Stored items
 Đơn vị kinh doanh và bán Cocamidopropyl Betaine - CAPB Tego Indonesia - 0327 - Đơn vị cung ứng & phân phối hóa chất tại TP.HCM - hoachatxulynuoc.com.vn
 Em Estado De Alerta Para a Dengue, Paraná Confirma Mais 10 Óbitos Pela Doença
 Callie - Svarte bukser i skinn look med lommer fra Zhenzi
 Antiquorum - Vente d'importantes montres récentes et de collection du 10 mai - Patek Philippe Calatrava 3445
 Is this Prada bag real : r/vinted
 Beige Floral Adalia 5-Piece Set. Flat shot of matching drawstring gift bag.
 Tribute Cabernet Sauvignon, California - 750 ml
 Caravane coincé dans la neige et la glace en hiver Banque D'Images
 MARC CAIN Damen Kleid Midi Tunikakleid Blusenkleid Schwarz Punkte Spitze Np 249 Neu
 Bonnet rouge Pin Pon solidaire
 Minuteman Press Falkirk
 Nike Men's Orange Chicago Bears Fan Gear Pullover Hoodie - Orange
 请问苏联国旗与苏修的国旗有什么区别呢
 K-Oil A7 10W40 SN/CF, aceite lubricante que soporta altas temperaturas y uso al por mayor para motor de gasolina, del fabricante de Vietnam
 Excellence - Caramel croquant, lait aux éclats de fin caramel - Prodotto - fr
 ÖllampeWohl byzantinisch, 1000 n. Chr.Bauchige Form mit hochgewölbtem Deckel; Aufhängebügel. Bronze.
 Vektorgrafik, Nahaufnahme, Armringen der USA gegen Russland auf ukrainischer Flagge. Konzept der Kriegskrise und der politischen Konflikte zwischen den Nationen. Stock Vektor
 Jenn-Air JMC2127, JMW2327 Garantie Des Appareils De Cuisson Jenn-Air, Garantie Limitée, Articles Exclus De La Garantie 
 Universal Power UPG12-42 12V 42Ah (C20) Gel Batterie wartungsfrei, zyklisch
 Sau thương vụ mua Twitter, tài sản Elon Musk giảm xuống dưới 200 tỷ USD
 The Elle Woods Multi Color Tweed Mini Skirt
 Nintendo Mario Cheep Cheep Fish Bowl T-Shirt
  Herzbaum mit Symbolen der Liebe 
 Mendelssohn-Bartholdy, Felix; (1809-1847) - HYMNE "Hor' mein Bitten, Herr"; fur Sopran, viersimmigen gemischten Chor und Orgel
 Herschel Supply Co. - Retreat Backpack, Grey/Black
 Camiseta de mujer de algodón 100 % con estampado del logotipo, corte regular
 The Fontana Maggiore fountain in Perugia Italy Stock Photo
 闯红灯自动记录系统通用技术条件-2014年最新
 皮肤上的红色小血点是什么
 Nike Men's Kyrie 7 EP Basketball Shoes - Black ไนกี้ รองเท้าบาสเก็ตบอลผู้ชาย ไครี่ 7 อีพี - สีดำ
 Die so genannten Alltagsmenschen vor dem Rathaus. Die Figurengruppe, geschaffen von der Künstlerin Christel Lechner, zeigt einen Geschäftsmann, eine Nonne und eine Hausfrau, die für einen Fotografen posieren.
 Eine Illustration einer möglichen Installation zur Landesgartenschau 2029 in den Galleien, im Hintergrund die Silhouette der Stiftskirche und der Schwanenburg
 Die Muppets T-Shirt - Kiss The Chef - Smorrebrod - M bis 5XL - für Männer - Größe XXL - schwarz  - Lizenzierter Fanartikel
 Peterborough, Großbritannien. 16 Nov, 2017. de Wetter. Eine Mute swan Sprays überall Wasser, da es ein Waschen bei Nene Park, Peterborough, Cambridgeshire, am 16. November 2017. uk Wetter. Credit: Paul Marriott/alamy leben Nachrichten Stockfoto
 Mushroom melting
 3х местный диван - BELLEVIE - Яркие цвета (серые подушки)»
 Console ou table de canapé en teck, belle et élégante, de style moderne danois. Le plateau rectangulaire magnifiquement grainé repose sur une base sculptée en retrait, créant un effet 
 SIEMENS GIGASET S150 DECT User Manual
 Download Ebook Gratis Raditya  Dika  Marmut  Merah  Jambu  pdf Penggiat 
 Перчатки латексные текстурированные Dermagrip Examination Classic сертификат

→ **Exercise brief**: Word for word, repeat the data from its first line through the line with "Callie - Svarte", including both of those lines and no others.

→ **Task answer**:
 Đơn vị kinh doanh và bán Cocamidopropyl Betaine - CAPB Tego Indonesia - 0327 - Đơn vị cung ứng & phân phối hóa chất tại TP.HCM - hoachatxulynuoc.com.vn
 Em Estado De Alerta Para a Dengue, Paraná Confirma Mais 10 Óbitos Pela Doença
 Callie - Svarte bukser i skinn look med lommer fra Zhenzi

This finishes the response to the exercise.